More than S$830,000 lost to Carousell phishing scams in December as police warn of sharp rise in cases

At least 877 victims had fallen prey since the start of December, compared to at least 975 victims from January to November.

More than S$830,000 lost to Carousell phishing scams in December as police warn of sharp rise in cases

Examples of conversations between the scammers and victims on Carousell or WhatsApp. (Images: SPF)

SINGAPORE: More than S$830,000 were lost to phishing scams involving fake buyers on e-commerce platform Carousell since the start of December, the police said on Wednesday (Dec 28).

In an advisory, the police said that scammers would pose as buyers on Carousell and victims would be asked to key in their banking details on spoofed websites to facilitate payment or delivery.

The police noted a "sharp increase" in the number of a phishing scam variant involving fake buyers on Carousell in December alone.

At least 877 victims had fallen prey since the beginning of December, with losses amounting to at least S$836,000, the police said.

From January to November, there were at least 975 victims of such scams, with losses amounting to at least S$938,000.

HOW THE PHISHING SCAMS WORK

According to the advisory, scammers would approach victims on Carousell and express interest in items that the victims had listed on the platform.

After agreeing to the sale of the items, the scammer would request for the victims’ contact details to send a link to facilitate payment or delivery of the item.

Depending on the contact details provided, the victims would then receive an email, SMS or WhatsApp message from the scammer with dubious URL links or QR codes. Upon clicking on the links or scanning the QR codes, the victims would be redirected to a spoofed website to provide their internet banking login credentials, bank card details or One-Time Password (OTP).

Unauthorised transactions would be made from their bank accounts or cards.

Examples of SMS or in-app message with links to phishing websites. (Images: SPF)

Carousell users are advised to be wary of buyers asking for an email address or phone number on the pretext that these details are required for the buyer to make an order through Carousell Protection, said the police.

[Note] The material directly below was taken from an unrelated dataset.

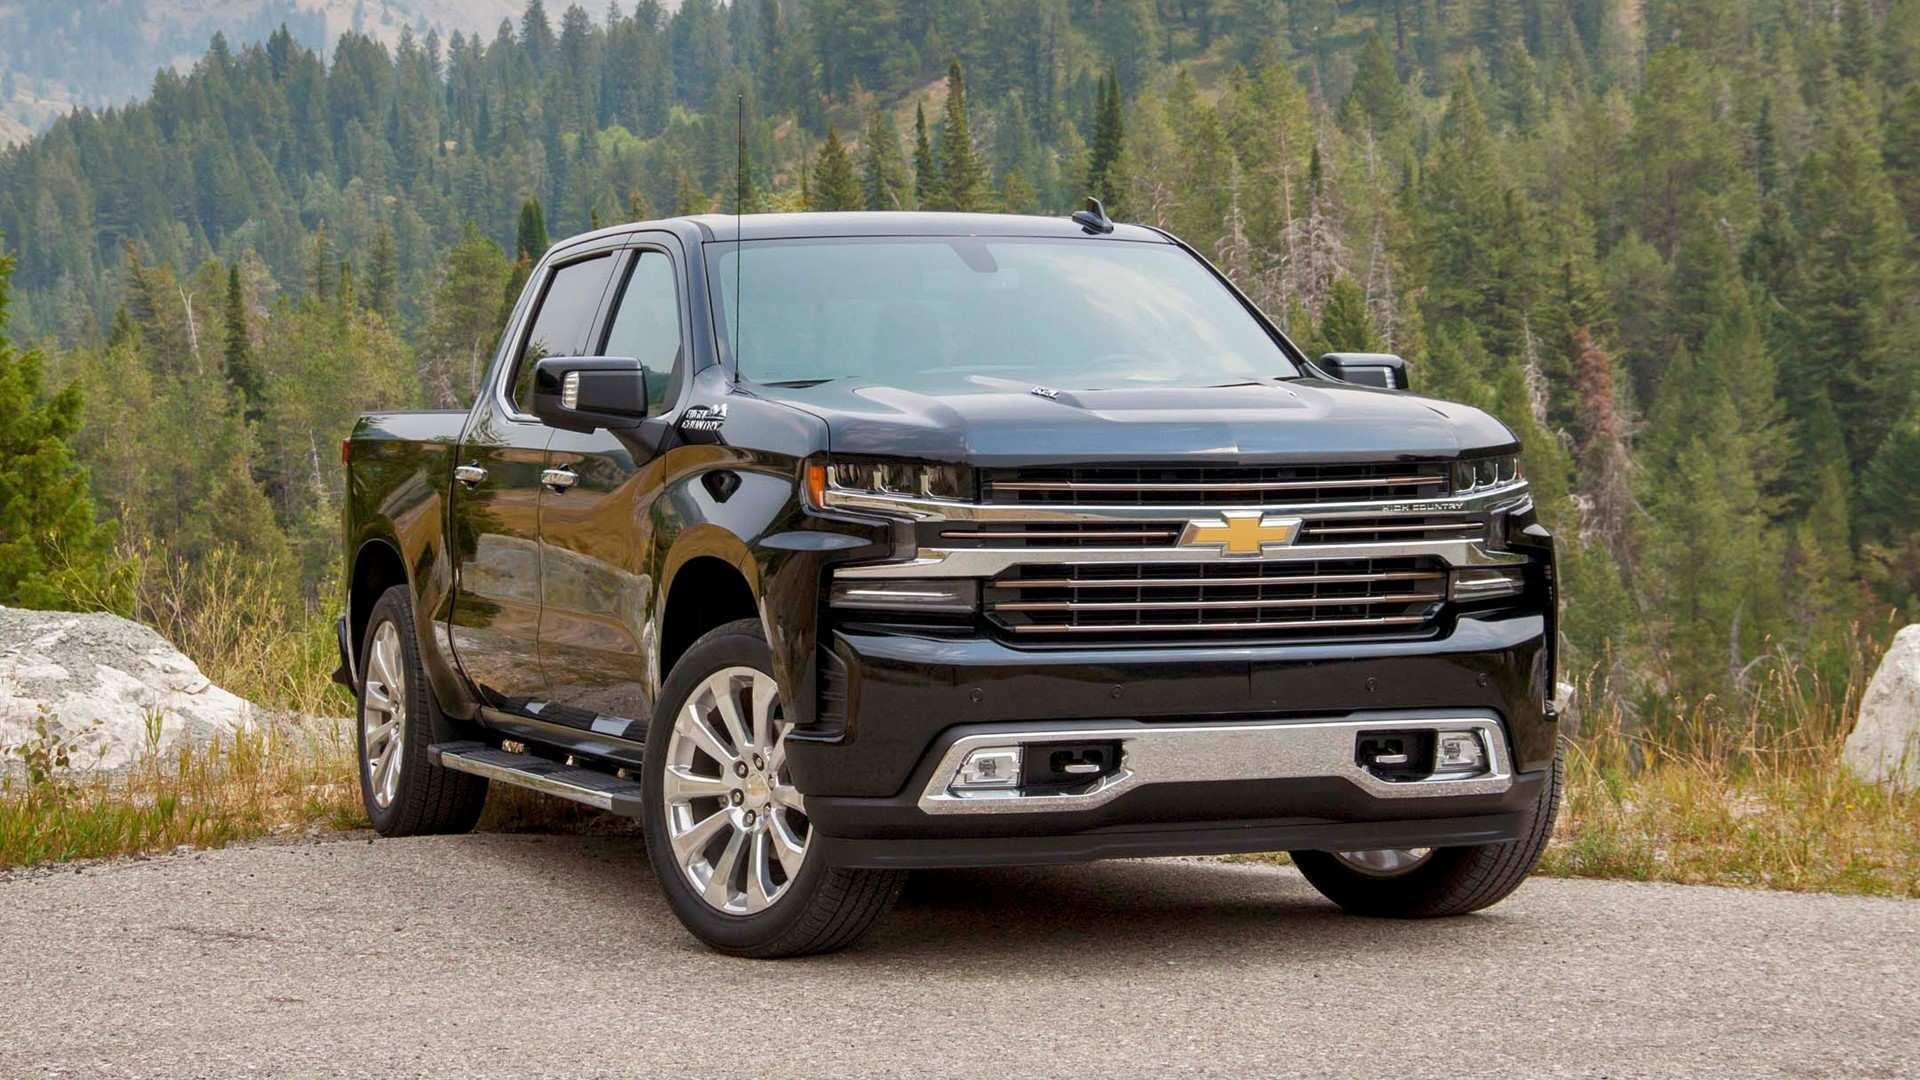 99 All New 2019 Chevrolet Silverado Release Date Release Date by 2019 Chevrolet Silverado Release Date
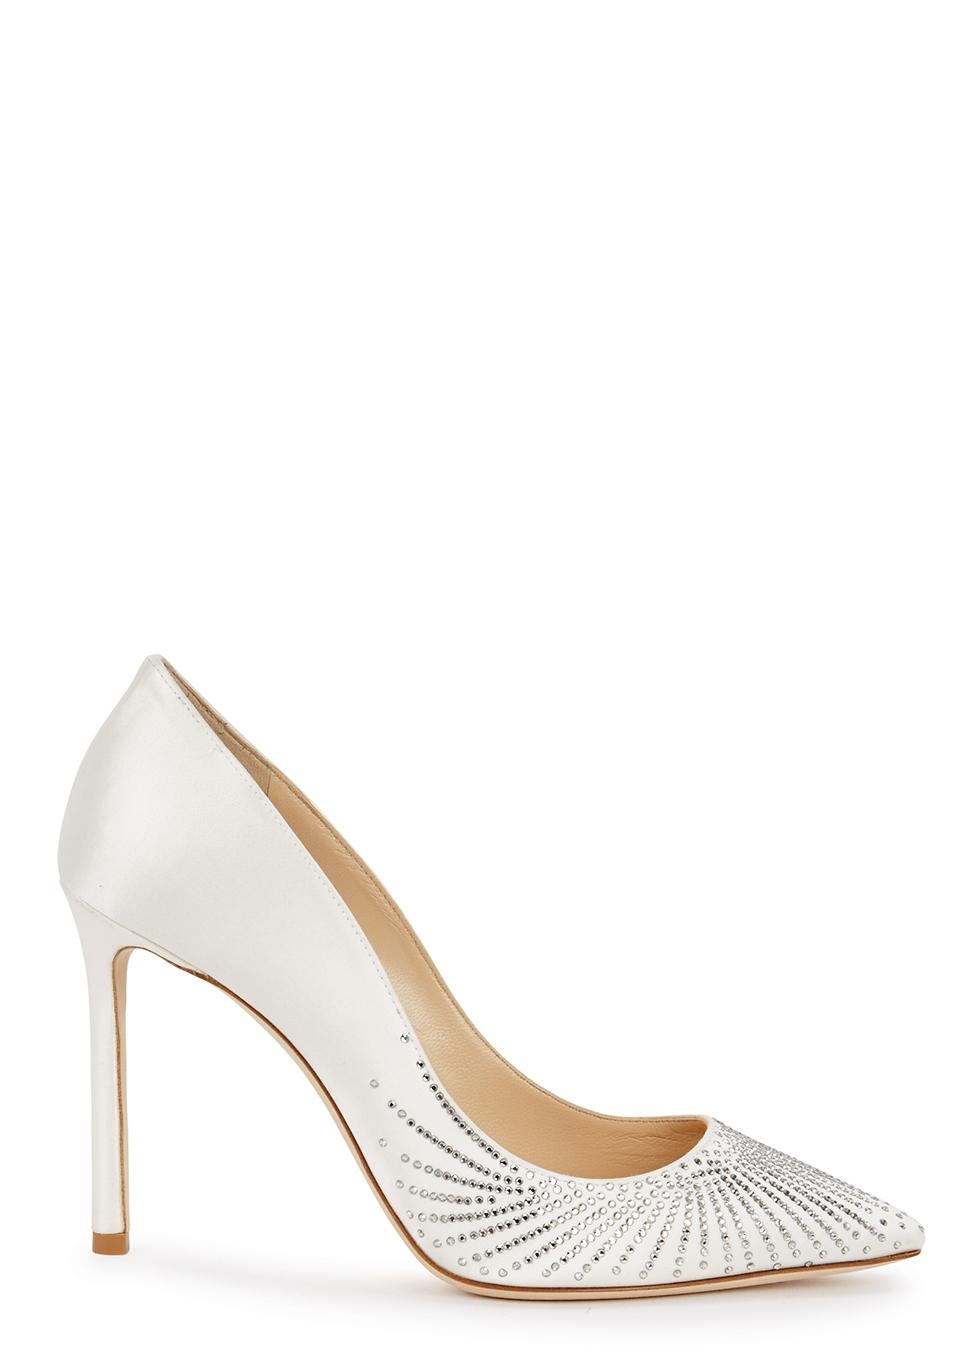 8fdd43aa39df Luxury Bridal Wedding Dresses   Gowns - Harvey Nichols

“Carousell does not ask for payment, order confirmation, or card details via external sites or email.”

For more information on differentiating real Carousell websites from phishing sites, spotting scam trends, or transacting safely on Carousell, users may wish to check out Carousell’s Help Centre, added the police.

Examples of phishing websites including a spoofed Carousell Protection phishing website. (Images: SPF)

Advisory on Carousell phishing scams

  • Always verify the buyer’s profile on online marketplaces by checking the account's verification status, creation date, reviews, and ratings.
  • Do not click on dubious URL links and always verify the URL links. Only domains that end with carousell.com or carousell.sg are Carousell domains. 
  • If in doubt, always verify the authenticity of the information with Carousell directly.
  • Never disclose your personal or internet banking details and OTP to anyone.
  • Report any fraudulent transactions to your bank immediately.
  • Report any suspicious user and fraudulent transaction from the online marketplace to Carousell.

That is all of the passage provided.